DATA BLOCK
⟨

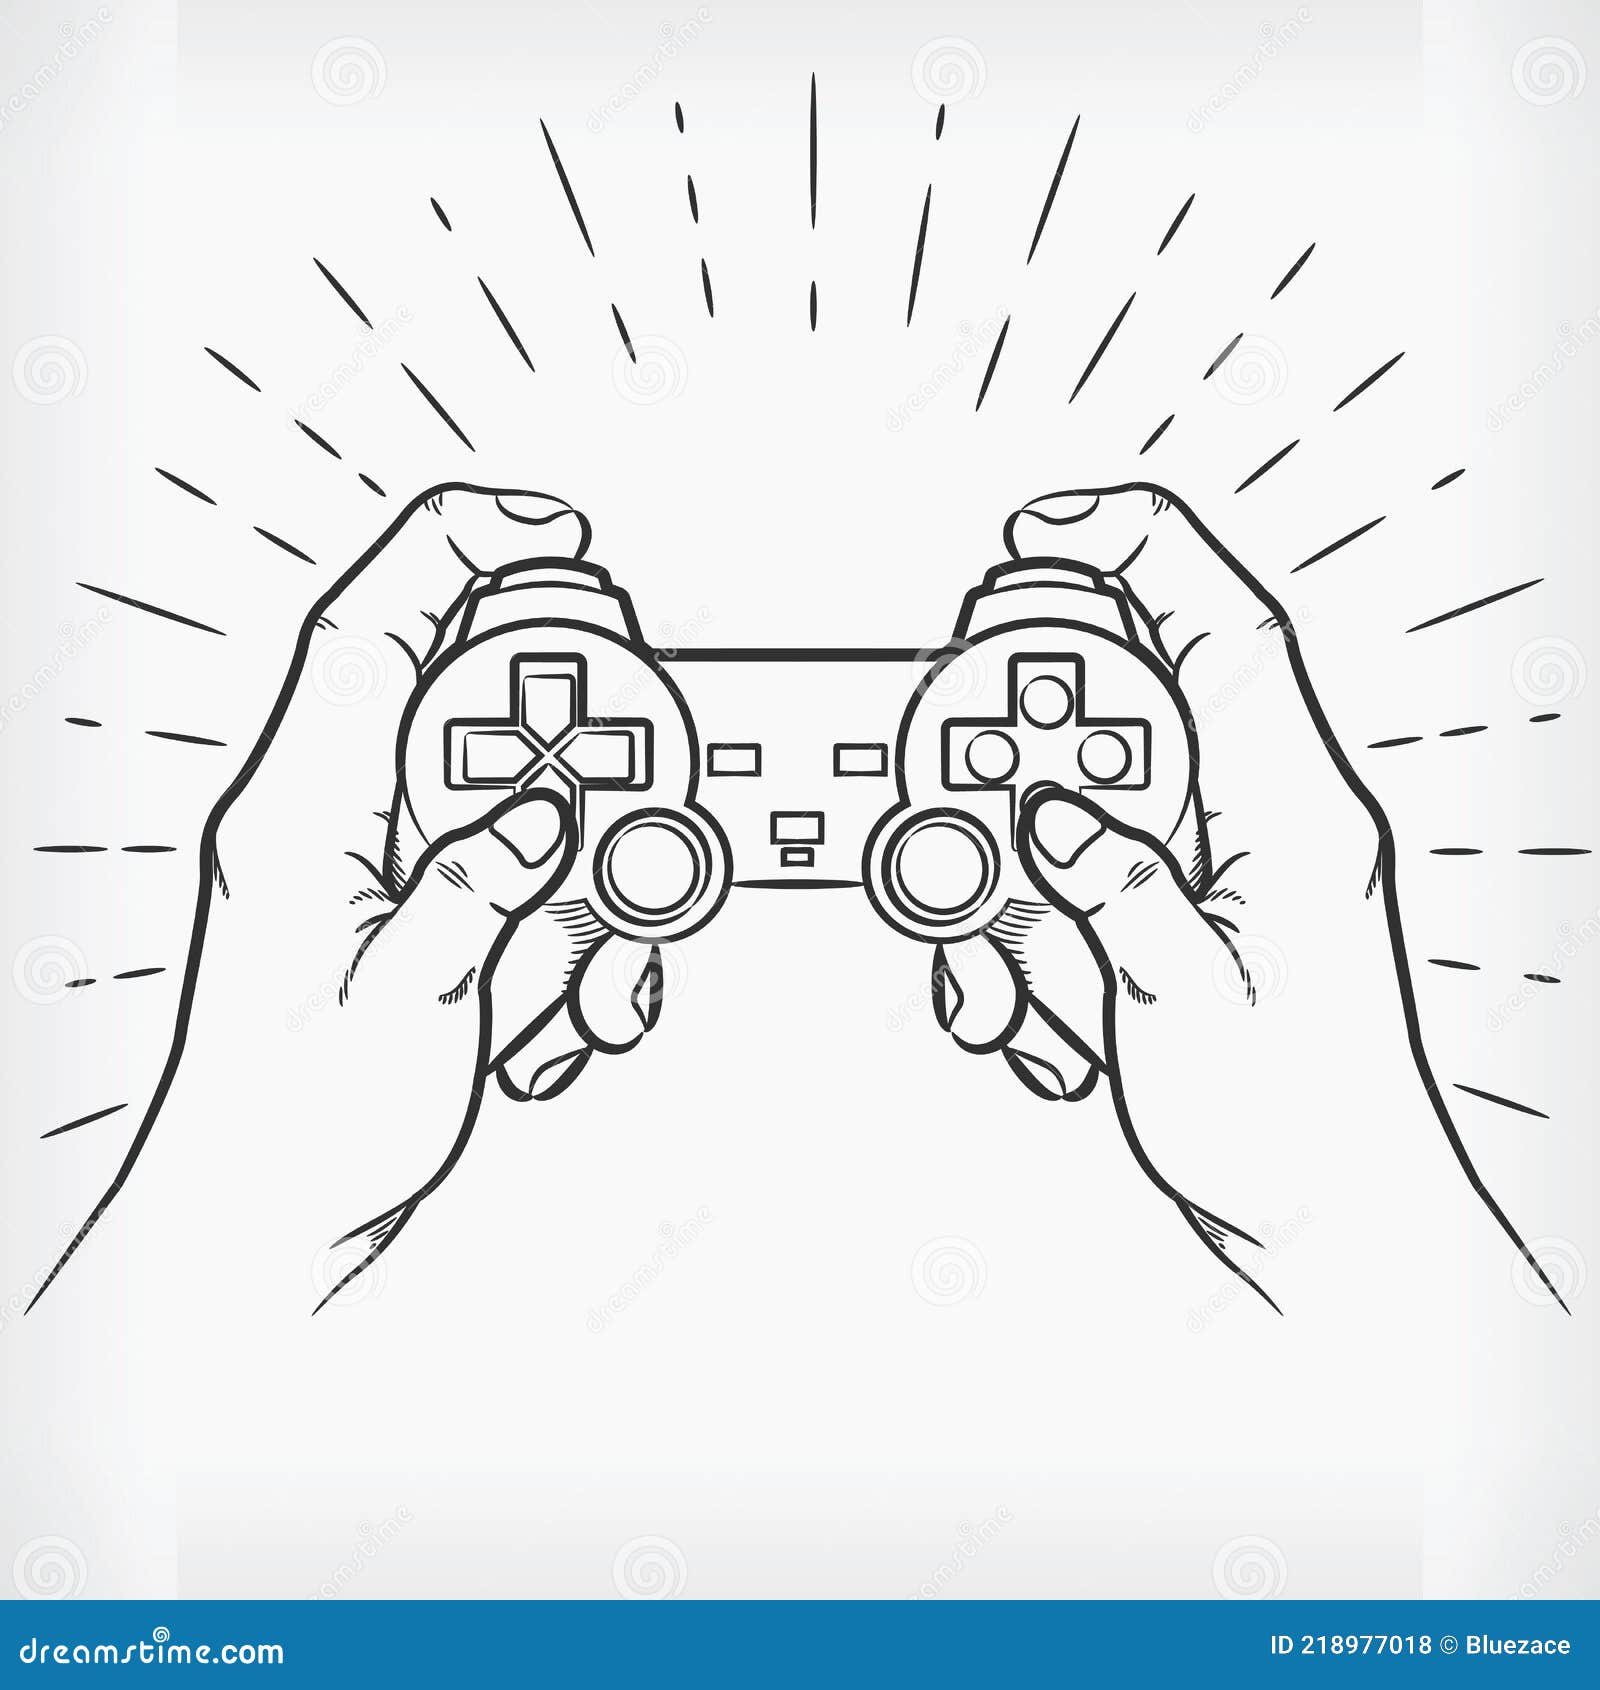 Game Doodles. Hand Drawing of Game Stock Vector - Illustration of
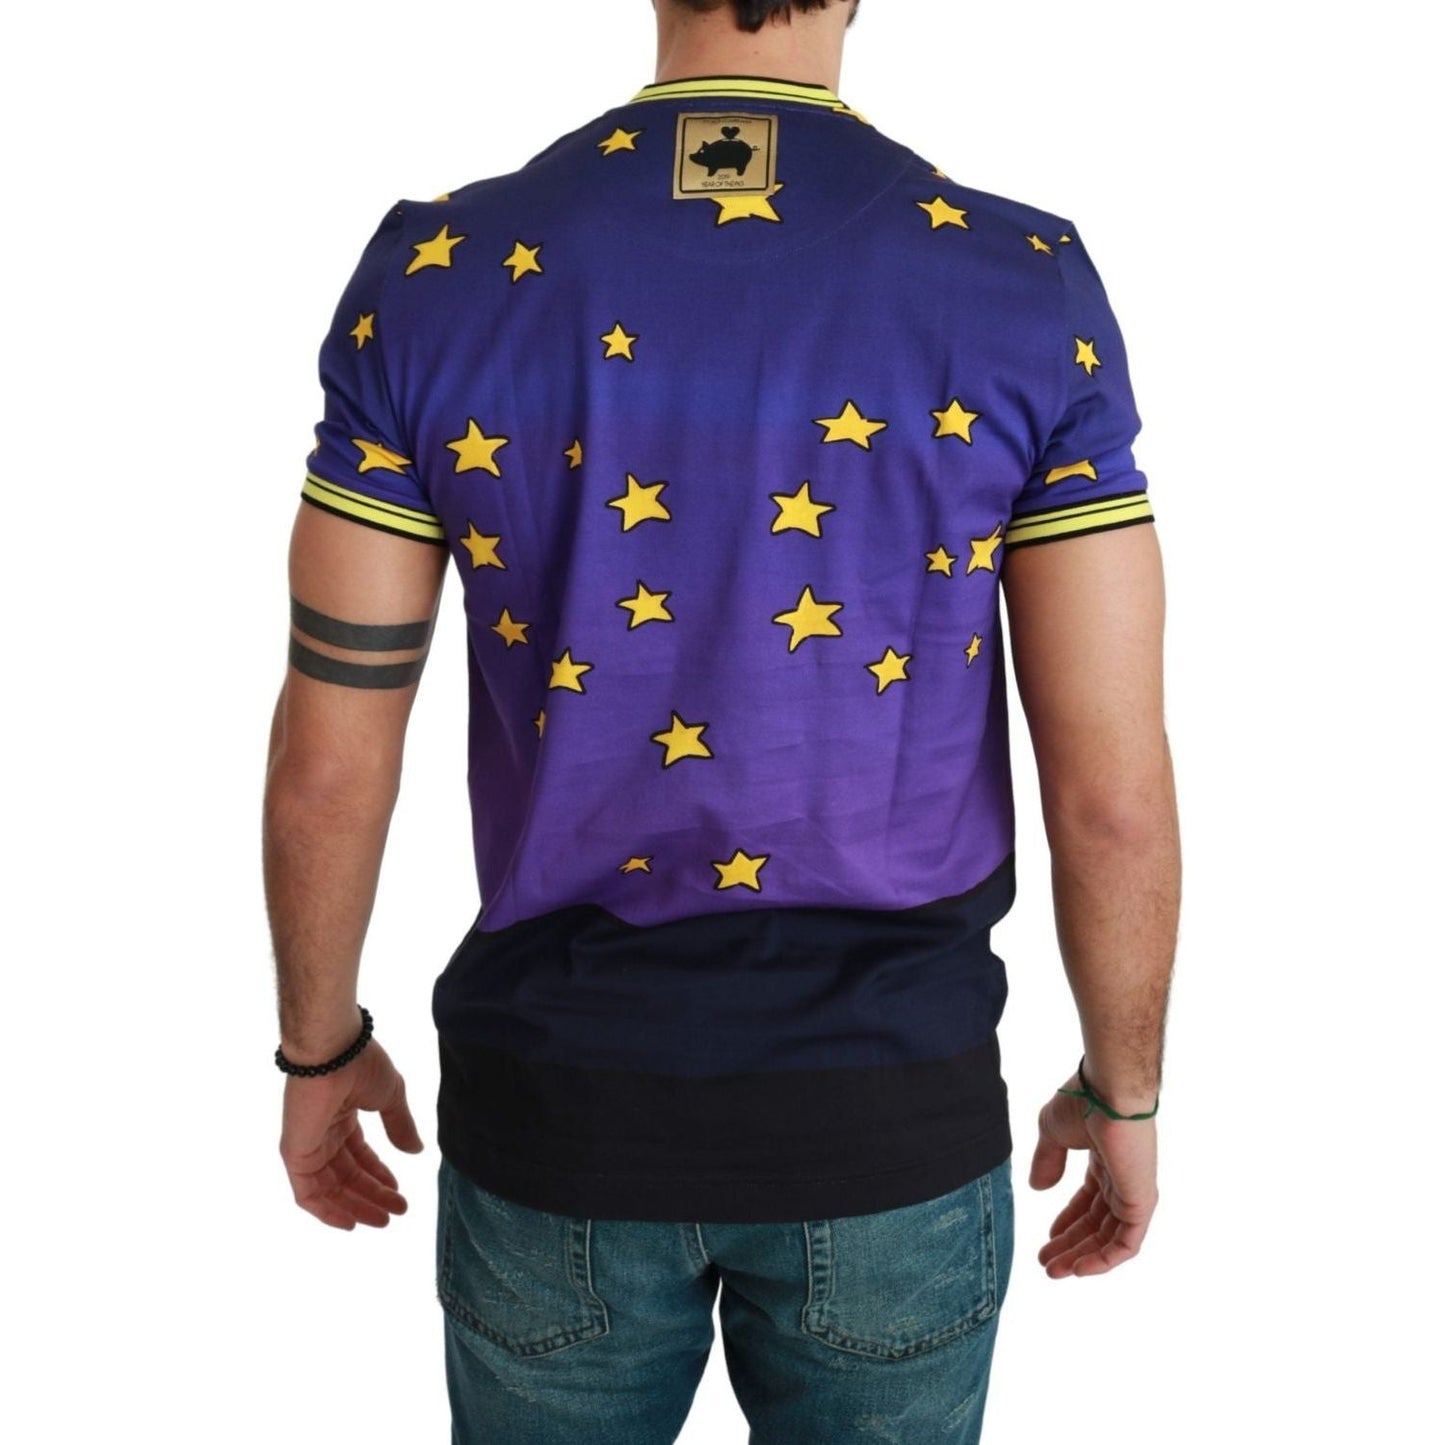 Dolce & Gabbana Purple Cotton Round Neck T-Shirt with Pig Motif purple-cotton-top-2019-year-of-the-pig-t-shirt
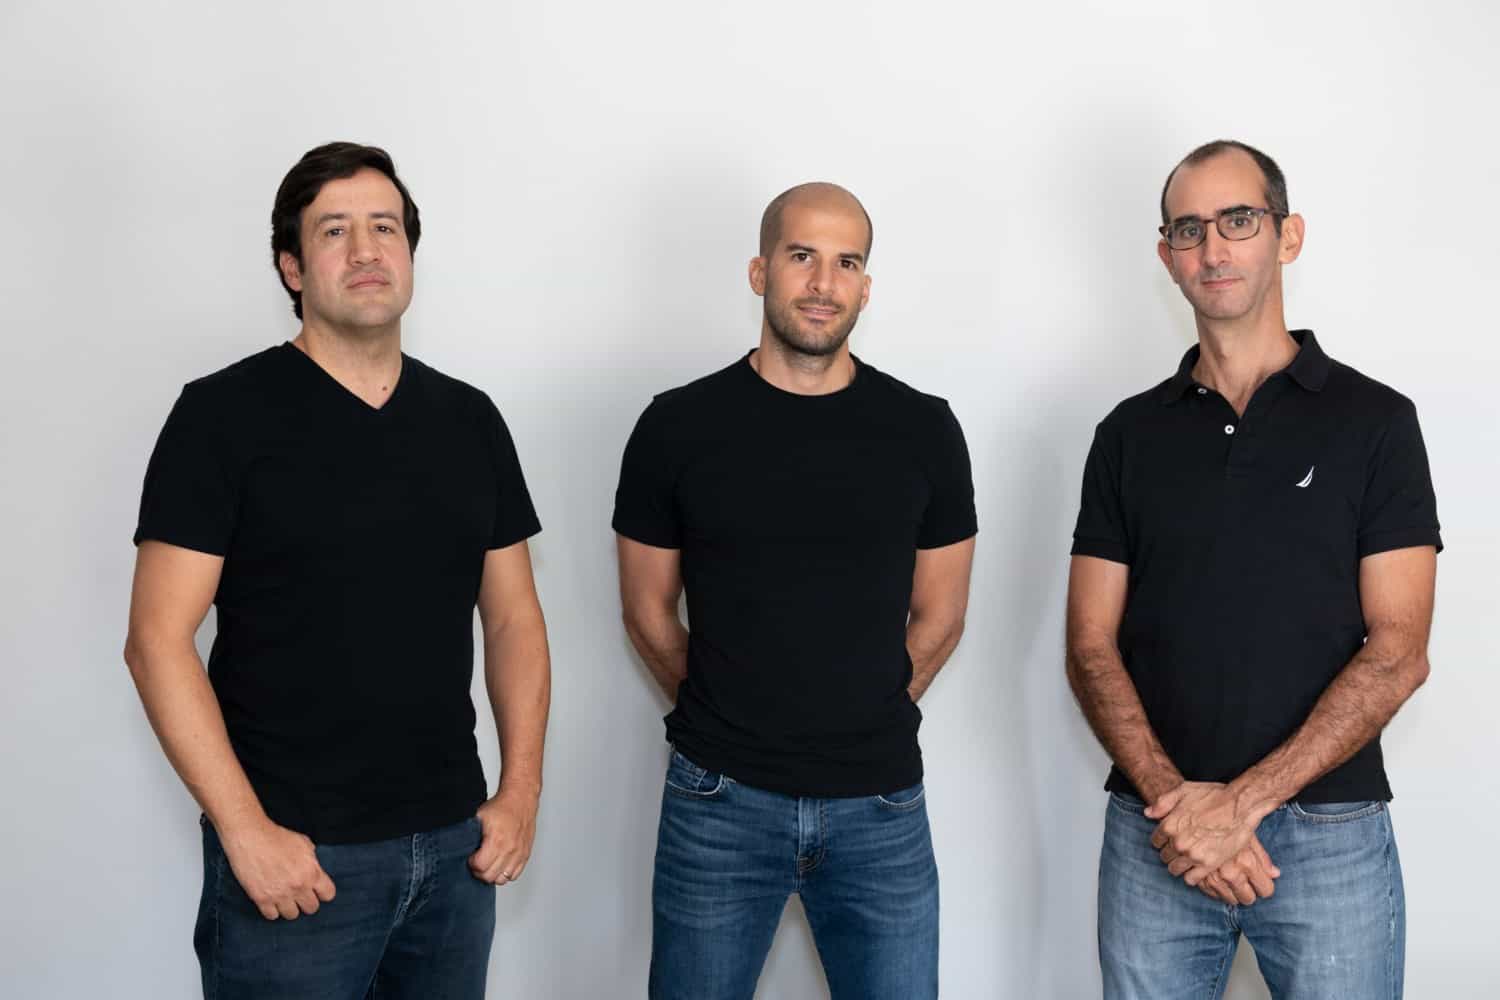 Finkargo, a fintech founded by Tomás Shuk, Santiago Molina and Andrés Ferrer, completed a Series A investment round for USD$20 million.

⟩

PROBLEM STATEMENT
Word for word, return the material, omitting the pictures.

TASK SOLUTION
 Game Doodles. Hand Drawing of Game Stock Vector - Illustration of
 Dolce & Gabbana Purple Cotton Round Neck T-Shirt with Pig Motif purple-cotton-top-2019-year-of-the-pig-t-shirt
 Finkargo, a fintech founded by Tomás Shuk, Santiago Molina and Andrés Ferrer, completed a Series A investment round for USD$20 million.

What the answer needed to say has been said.